En début d’année, le tennisman Gaël Monfils s’était par exemple allié à Artengo, la marque dédiée au tennis du groupe, qui l’habillera pour les cinq prochaines saisons. Un prestigieux partenariat signée avec le n° 1 du tennis français, qui avait même déclaré à l’Open d’Australie qu’il bénéficiait d’« une raquette incroyable ». De quoi permettre, tous comme les autres contrats mentionnés tout au long de cet article, de casser l’image un peu « cheap » que Decathlon a tendance à se coltiner. Mais rassurez-vous : « Ce n’est pas parce que notre image remonte qu’on devient tout de suite inaccessible.
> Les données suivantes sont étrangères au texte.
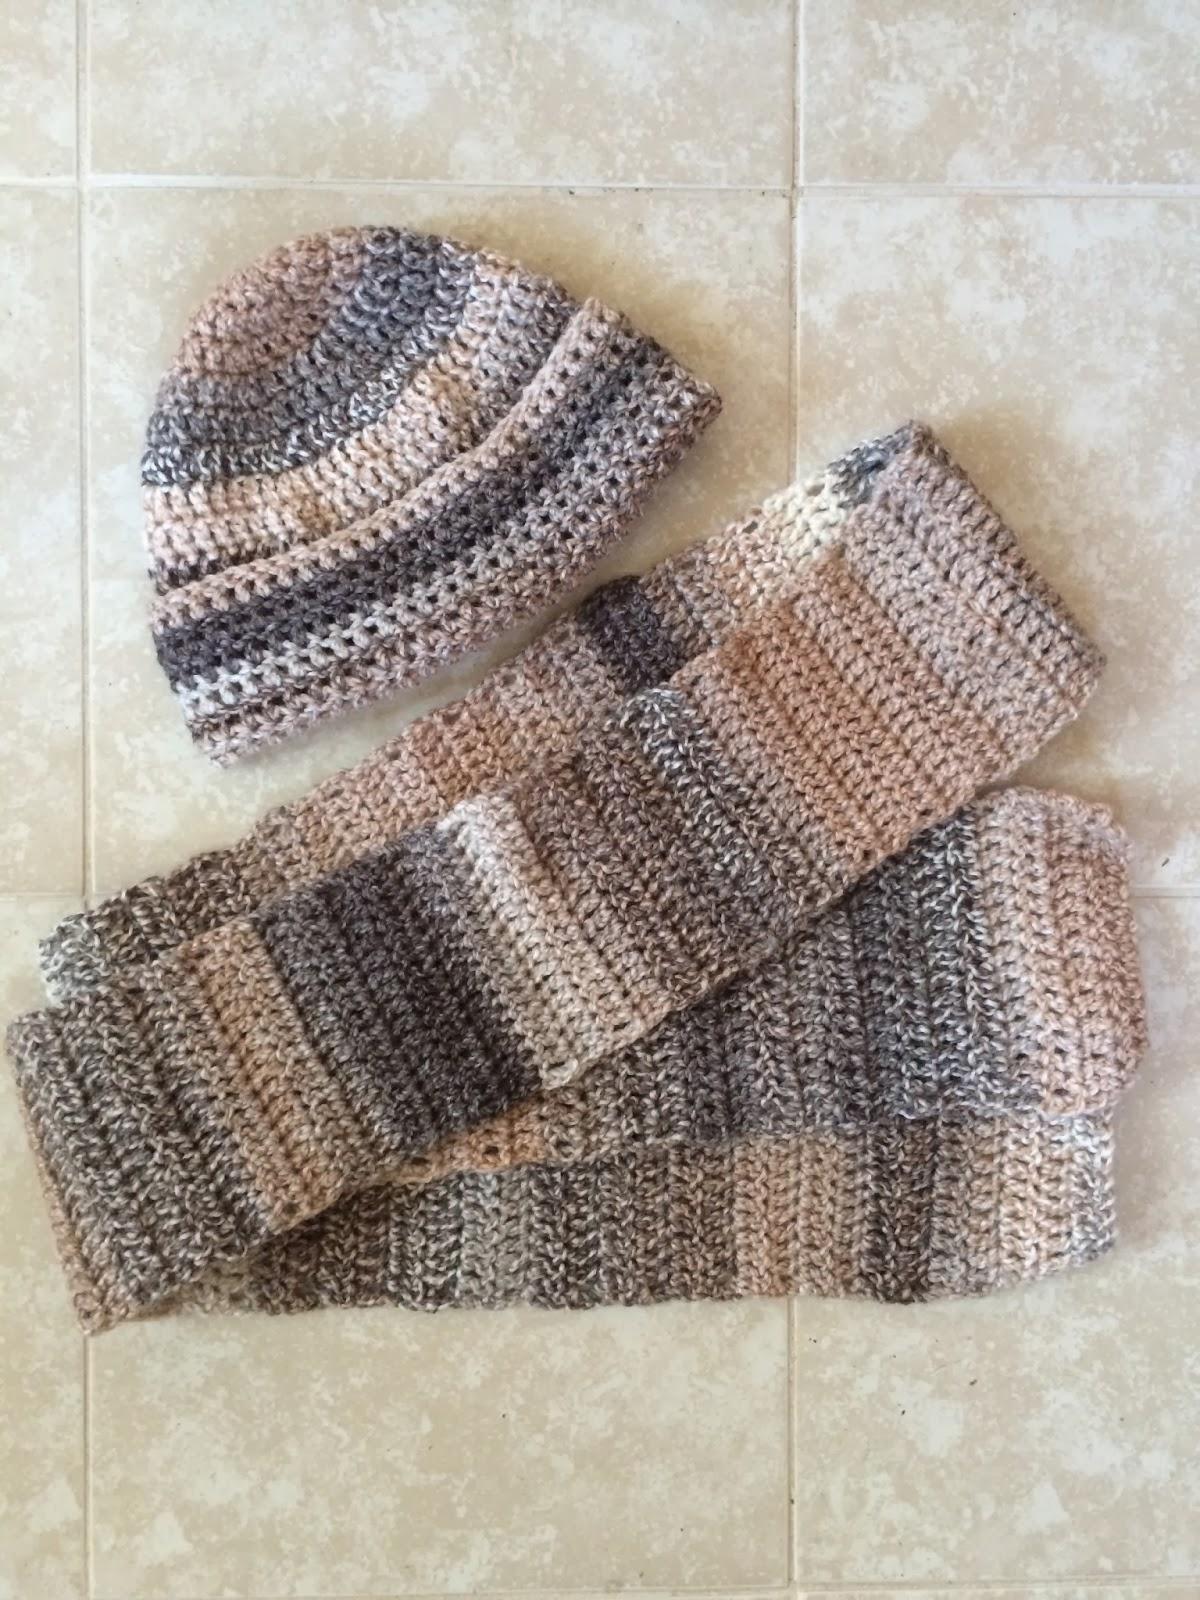 Crochet Men\'s Manly Man Hat and Scarf Set | Not My Nana\'s Crochet!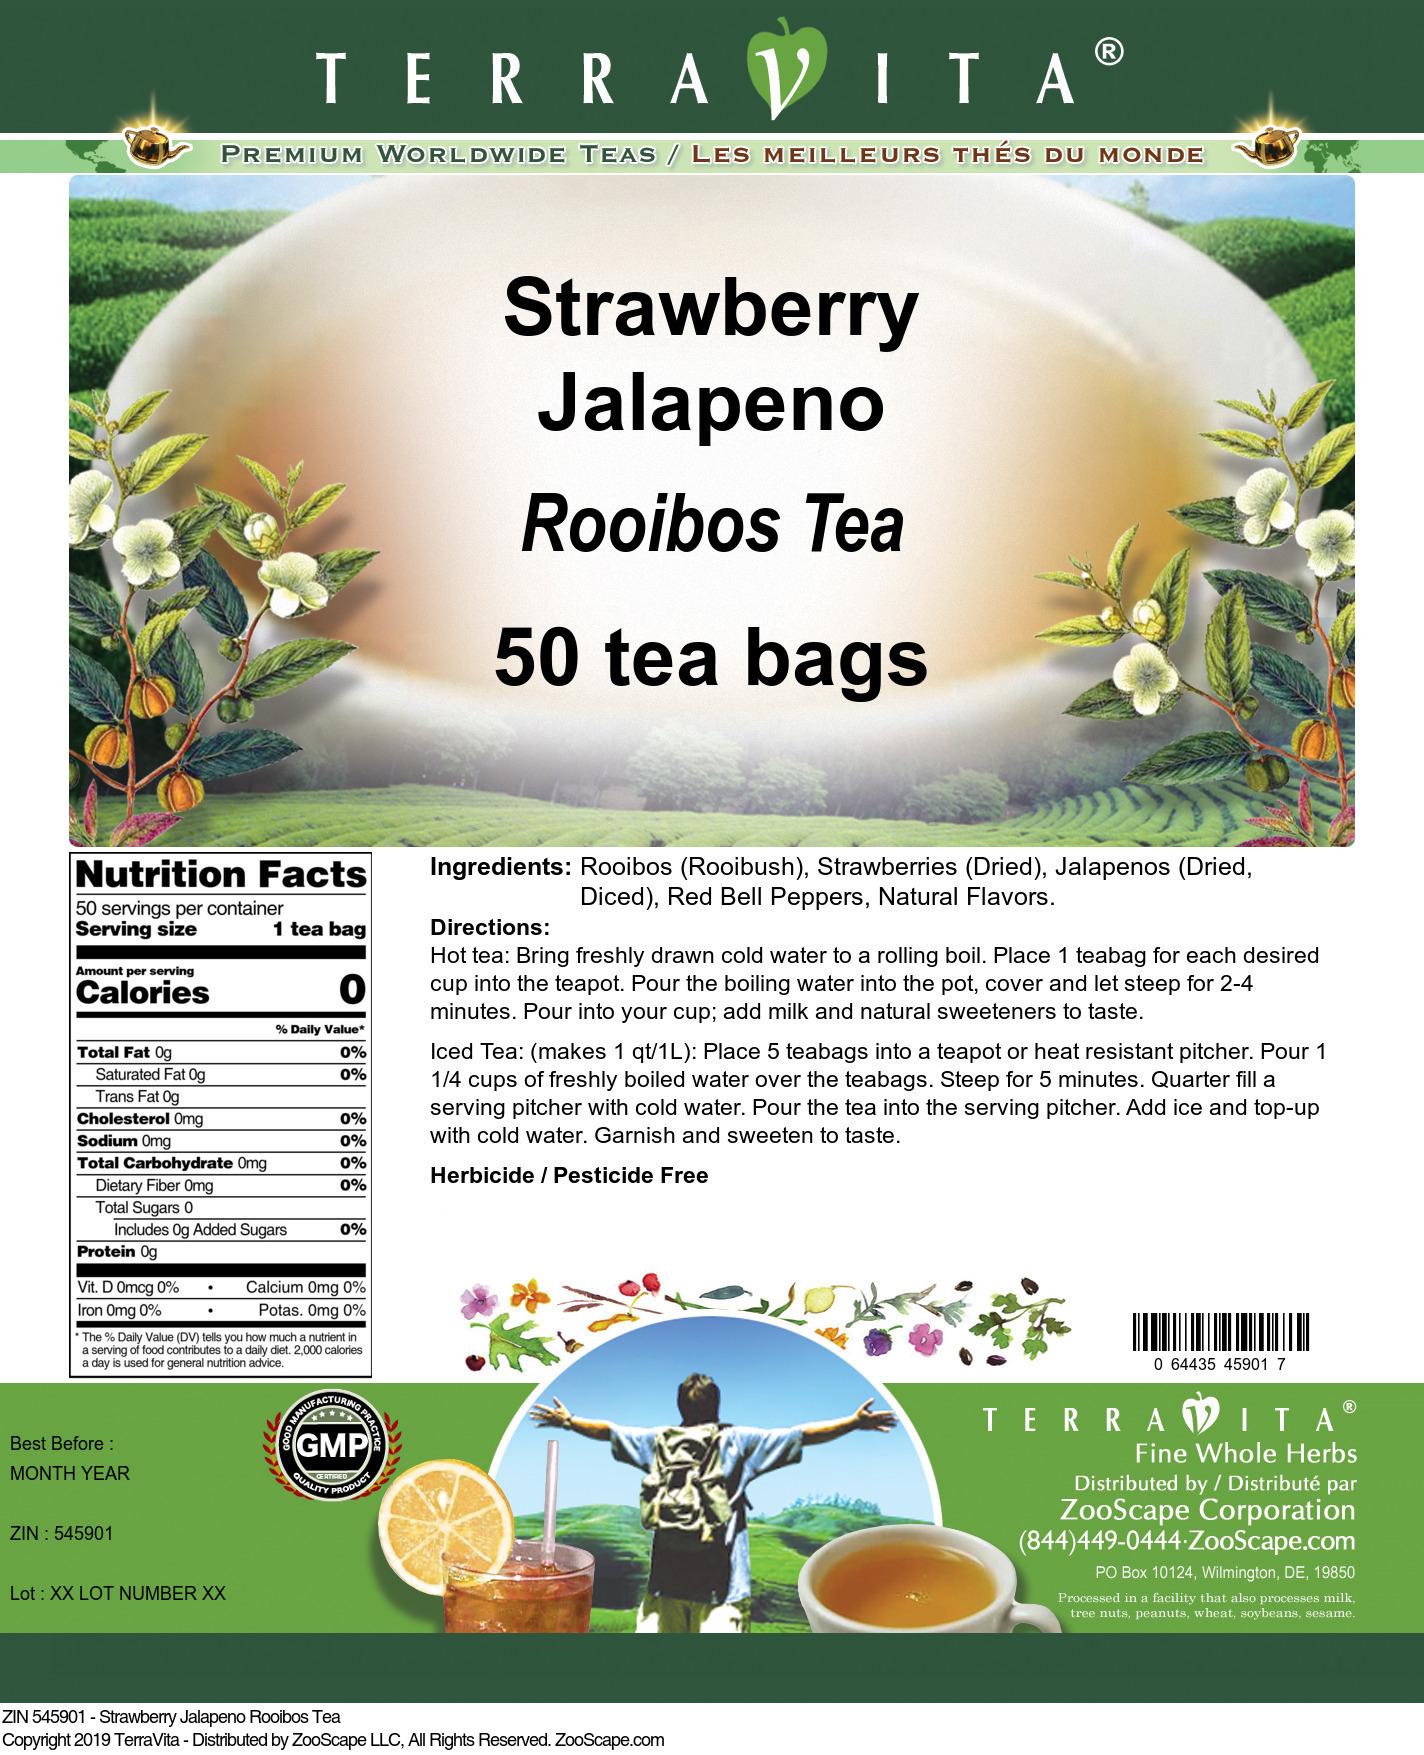 Strawberry Jalapeno Rooibos Tea

On restera dans l’accessibilité et la mise à la pratique. Le prix des produits ne changera pas, répond Anthony Dulieu, responsable Kiprun. Ces partenariats ne sont pas complètement nouveaux. On a toujours voulu valider nos produits avec les meilleurs », expliquait ce dernier.

Des choix qui rapportent

Si vous vous pouvez la question : oui, cette stratégie réussit parfaitement au groupe. L’enseigne, qui compte 324 magasins dans l’Hexagone, annonce avoir vu son chiffre d’affaires progresser de 18% en 2021, pour atteindre 4,2 milliards d’euros TTC, et son volume d’affaires augmenter de 22% qui, lui, s’établit à 4,5 milliards d’euros. A l’échelle internationale, le groupe affiche un CA de 13,8 milliards d’euros en 2021, contre 11,4 milliards d’euros en 2020 et 12,4 milliards d’euros en 2019, avant Covid. Une progression de 11,3% en deux ans. Qu’est ce que sera quand Gaël remportera le prochain US Open ou que le Nîmes Olympique remportera la Coupe de France en claquant un triplé à l’OM… A jamais les premiers.

En savoir plus

Le naming a été utilisée pour la première fois en France en 2011 par le Mans après son accord avec MMA pour renommer son stade au nom de l’assureur. Pourtant, la pratique pêne à décoller auprès des clubs français, bien loin des montants engrangés par leurs collègues américains en NFL ou en NBA, voir même des clubs de football allemands. Une tendance qui s’explique, selon Pierre-Alain Mogenier, avocat au Barreau de Lyon, par « des facteurs économiques, structurels, politiques mais aussi sportifs ».